Dragons Happened

Where are we supposed to be looking?

Can Tywin and Arya get their own spinoff?  Not really… but really?  I guess that by this point I shouldn’t be surprised by how much juice this series is able squeeze out of the various character dynamics.  Most shows are lucky to get one or two pairings that really work, but Game of Thrones seems to strike gold every time it shuffles the deck.  Beyond the awesome of Tywin and Arya, “A Man Without Honor” has Cersei and Tyrion prove they can be just as fun commiserating as they can sniping, and Jon Snow finally finds someone to make him interesting.

Good as the writing is, most of the credit probably needs to go to the cast.  I’ve been remiss how little praise I’ve given Maisie Williams this season, but she’s as good as ever and it’s truly astonishing to see someone so young have such chemistry with someone as seasoned as Dance.  It’s even more astonishing to enjoy watching everyone’s favourite Stark develop mutual respect with the brains behind the Lannisters.  It’s not just a matter of these two characters being awesome (they can do that on their own), it’s the fact that they each let their guard down enough to realize that the other’s kinda awesome.  The reveal that Tywin knows she’s a noble was a really nice touch.  It’s easy to assume that he’d been dismissing her the whole time, being as honest as he might be with a pet.  The reveal not only confirms that the Lord’s no slouch, it’s an admission that she’s not insignificant; still far below a Lannister, certainly, but this has been a dialogue, not a monlogue, and that’s saying something.

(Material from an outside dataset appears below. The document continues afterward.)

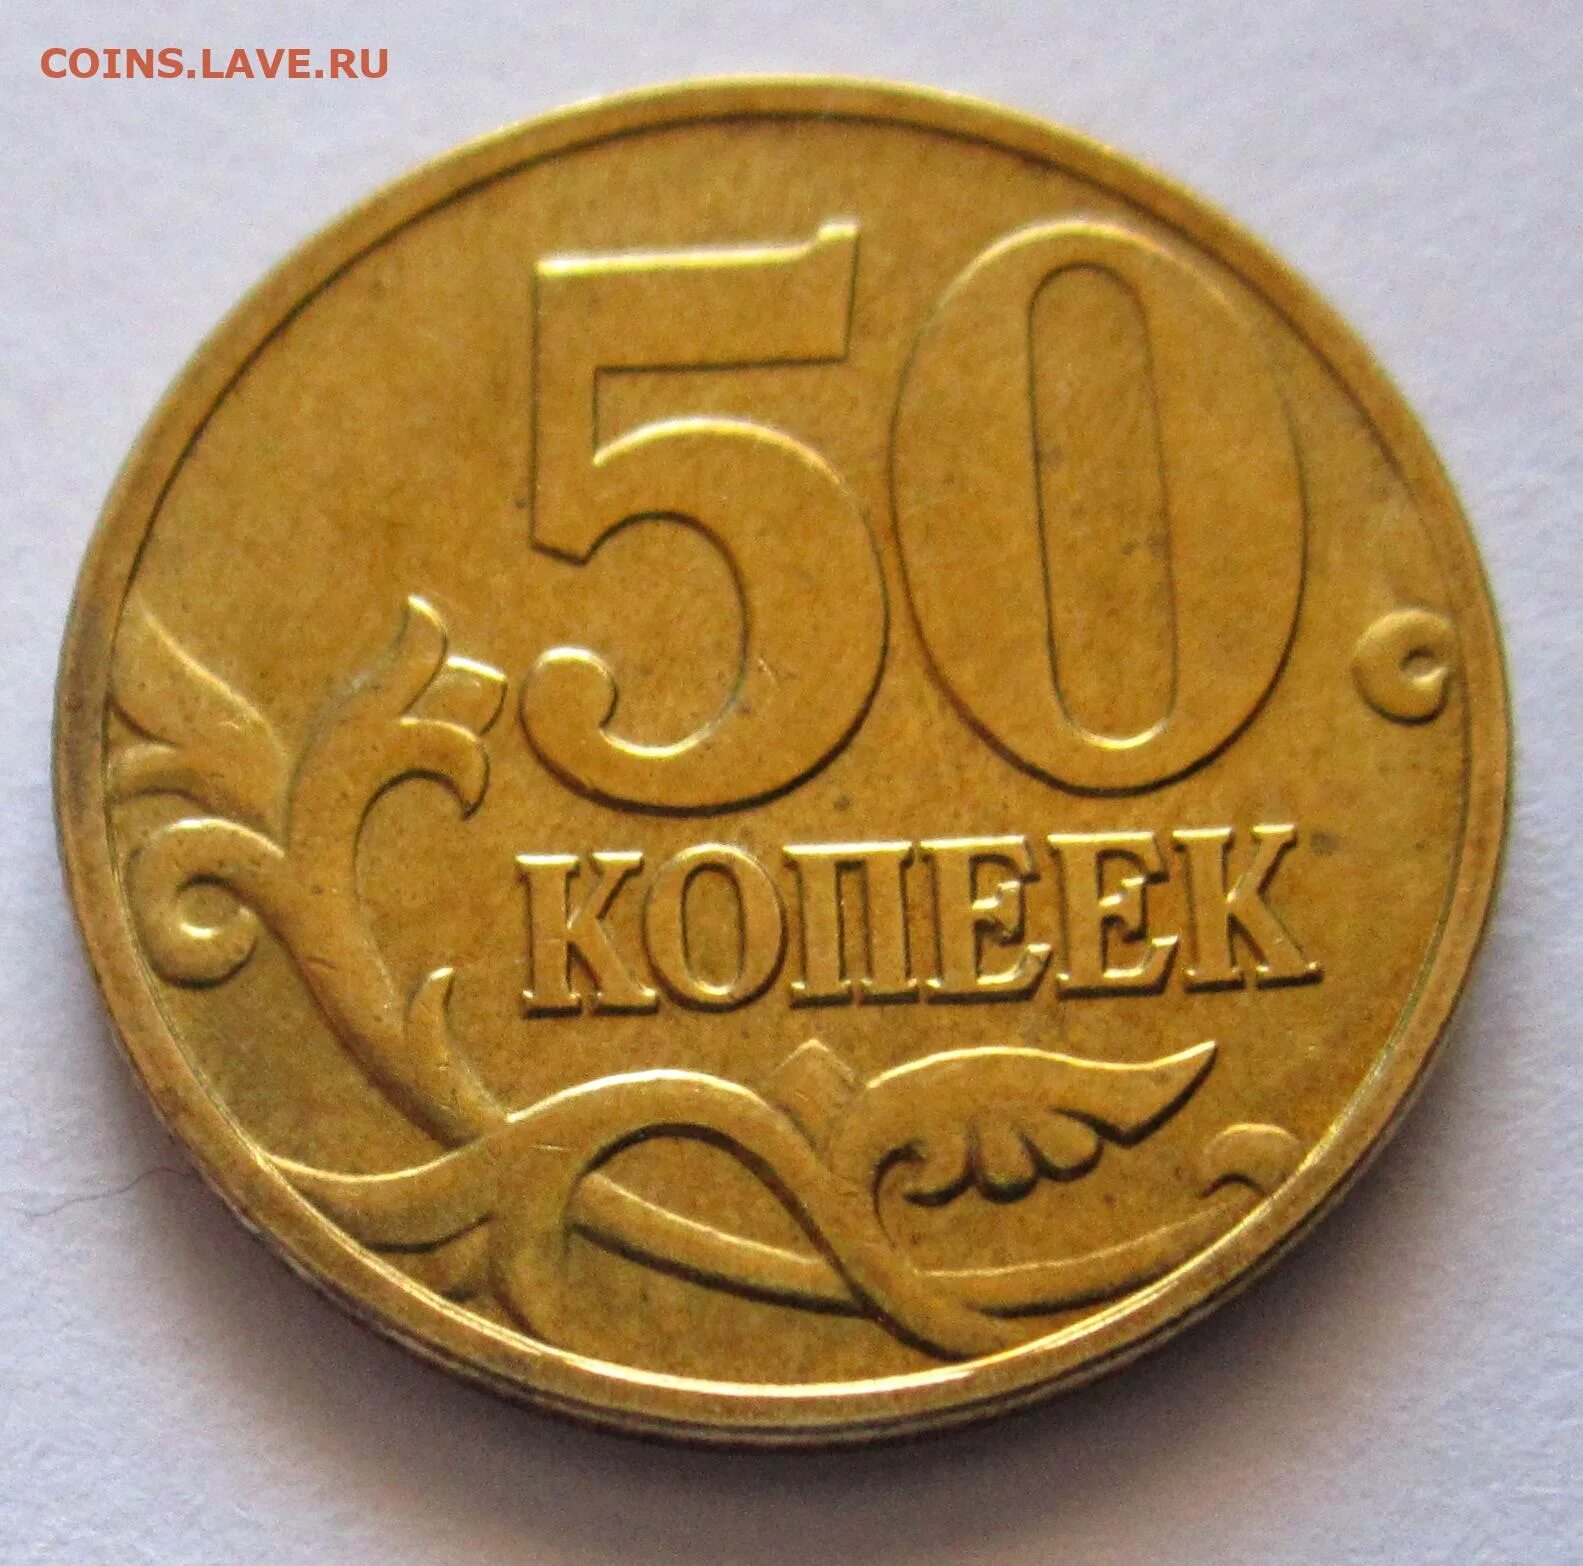 50 Копеек 2006 м (немагнитные). Латунные монеты. Монеты из латуни. Латунные монеты 10 копеек. 50 копеек 2008 года

Performance is also key in the pairing of Tyrion and Cersei.  This isn’t a new pairing, but there seems to be no end to the Lannister gold mine.  Dinklage and Heady are just as enjoyable when they’re not at each other’s throat and that’s really saying something.  What’s truly great about this scene is the way they pull off almost connecting.  Cersei finally acknowledges what a monster her son is and the admission is painful enough to draw sympathy from her acerbic brother.  The look they exchange as he stands just beyond arm’s length says it all; a glimpse beneath the masks is all either of them is willing to give, and even that’s a bit more than they’re comfortable with.

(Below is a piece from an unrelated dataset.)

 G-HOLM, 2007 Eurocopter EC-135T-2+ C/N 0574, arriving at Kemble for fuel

The casting department at GoT continues to earn every penny with Rose Leslie.  There’s no heavy dramatic lift here, but she and Harington click immediately and it’s to give his character a sorely needed boost.  Jon’s done little more than pout this season and while there’s still plenty of that here, at least I have some sympathy.  While some of Ygritte’s mockery is deserved, much of it isn’t.  Jon Snow’s a young man who had few options in life, and still managed to make the worst of a bad situation,. But saying “screw it” and running off into the wilderness isn’t going to make it any better.  His honour’s the last thing he has left.  It’s a whiny, petulant sort of honour, but it’s honour nonetheless.

I’ve complained before that the breadth of Game of Thrones can make it feel stretched a bit thin, but episodes like this one prove what an enormous strength it can be; old favourites remain fresh by being combined in new and interesting ways, and character who aren’t really working can be revived through a new pairing.  The cast is, without exception, a joy to watch on this show and the sheer number of them assures me that things won’t grow stale anytime soon.

Final Thoughts

Once again, I must apologize to those of you who’ve been waiting for this write up.  Real life, yada, yada, yada.

Hmm, made it through the whole review without mentioning the titular character.  Nikolaj Coster-Waldau deserves as much credit as everyone else as he proves what a colossal (and hard to argue with) bastard Jaime Lannister can be.  I particularly like how the truly despicable act of killing the cousin he just bonded with goes unremarked while everyone bemoans the death of an extra and a king who had it coming.

Still not digging the Daenerys storyline, which is making me feel kinda sad, although I did appreciate the portrayal of the warlock here.

Sansa’s more than making up for the first season.  Bravo.

Theon, you bastard.  You’ll catch Joffrey yet.